Above all, they should learn to focus on and answer their reader’s questions about the issue in question. We consider this 1,000-word email format to be the boot camp for learning MWW techniques. Keep in mind they should ALWAYS write to a real reader about a real issue the reader actually cares about. (That reader can be, and probably should be, you!)
7. Assign more preliminary documents. Instead of giving an assignment and waiting for the results to avalanche in, have students submit an outline of the reader’s questions they will answer. Grade the outline. If they don’t have good questions, the content will not be useful to the reader. Have them write a 100-word summary before they draft the whole document. Learning to summarize is a great skill. If they can’t do a summary, how can they do the document? You know that many students write an assignment the night before it’s due. This process helps you edit for content and organization before they draft. This is a huge help to them and a big time saver for you.
BENEFITS FOR YOUR STUDENTS
The last thing you want your students to do is follow directions. Well...the last thing you want is for them just to follow directions. Students wait for you to tell them what to do. Then they try to follow directions. It’s a horrible trap. They need to be creative problem solvers for themselves. Sure, you need to explain your expectations. You need to give them the skills to meet your expectations. And you need to hold them responsible for meeting those expectations. But you need to make assignments that require them to do analysis, research, and information design.

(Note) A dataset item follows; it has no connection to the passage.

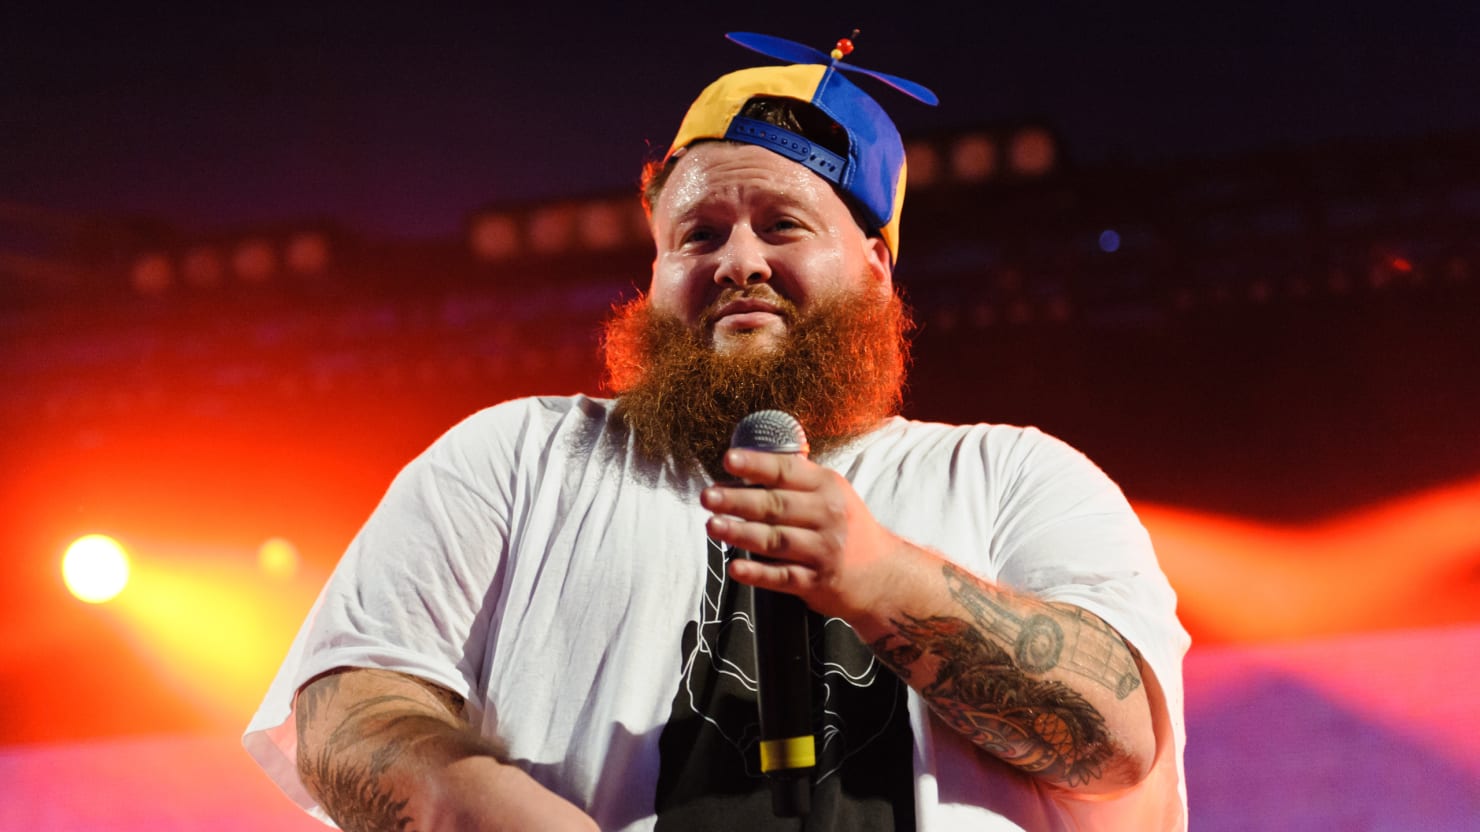 A hefty Queens native and ex-chef, Action Bronson has a style like Ghostfac...

Students benefit from MWW by learning useful critical thinking skills. They learn that it’s up to them to discover how to interest the reader (by discovering, researching, and answering their pertinent questions about the issue in question).
Students must learn to take responsibility for their content and its presentation.
Students must learn to review and edit their own writing.
Businesses want to hire college grads who know how to take care of themselves…AND THEIR READERS!
I hope these suggestions have been helpful and thought provoking.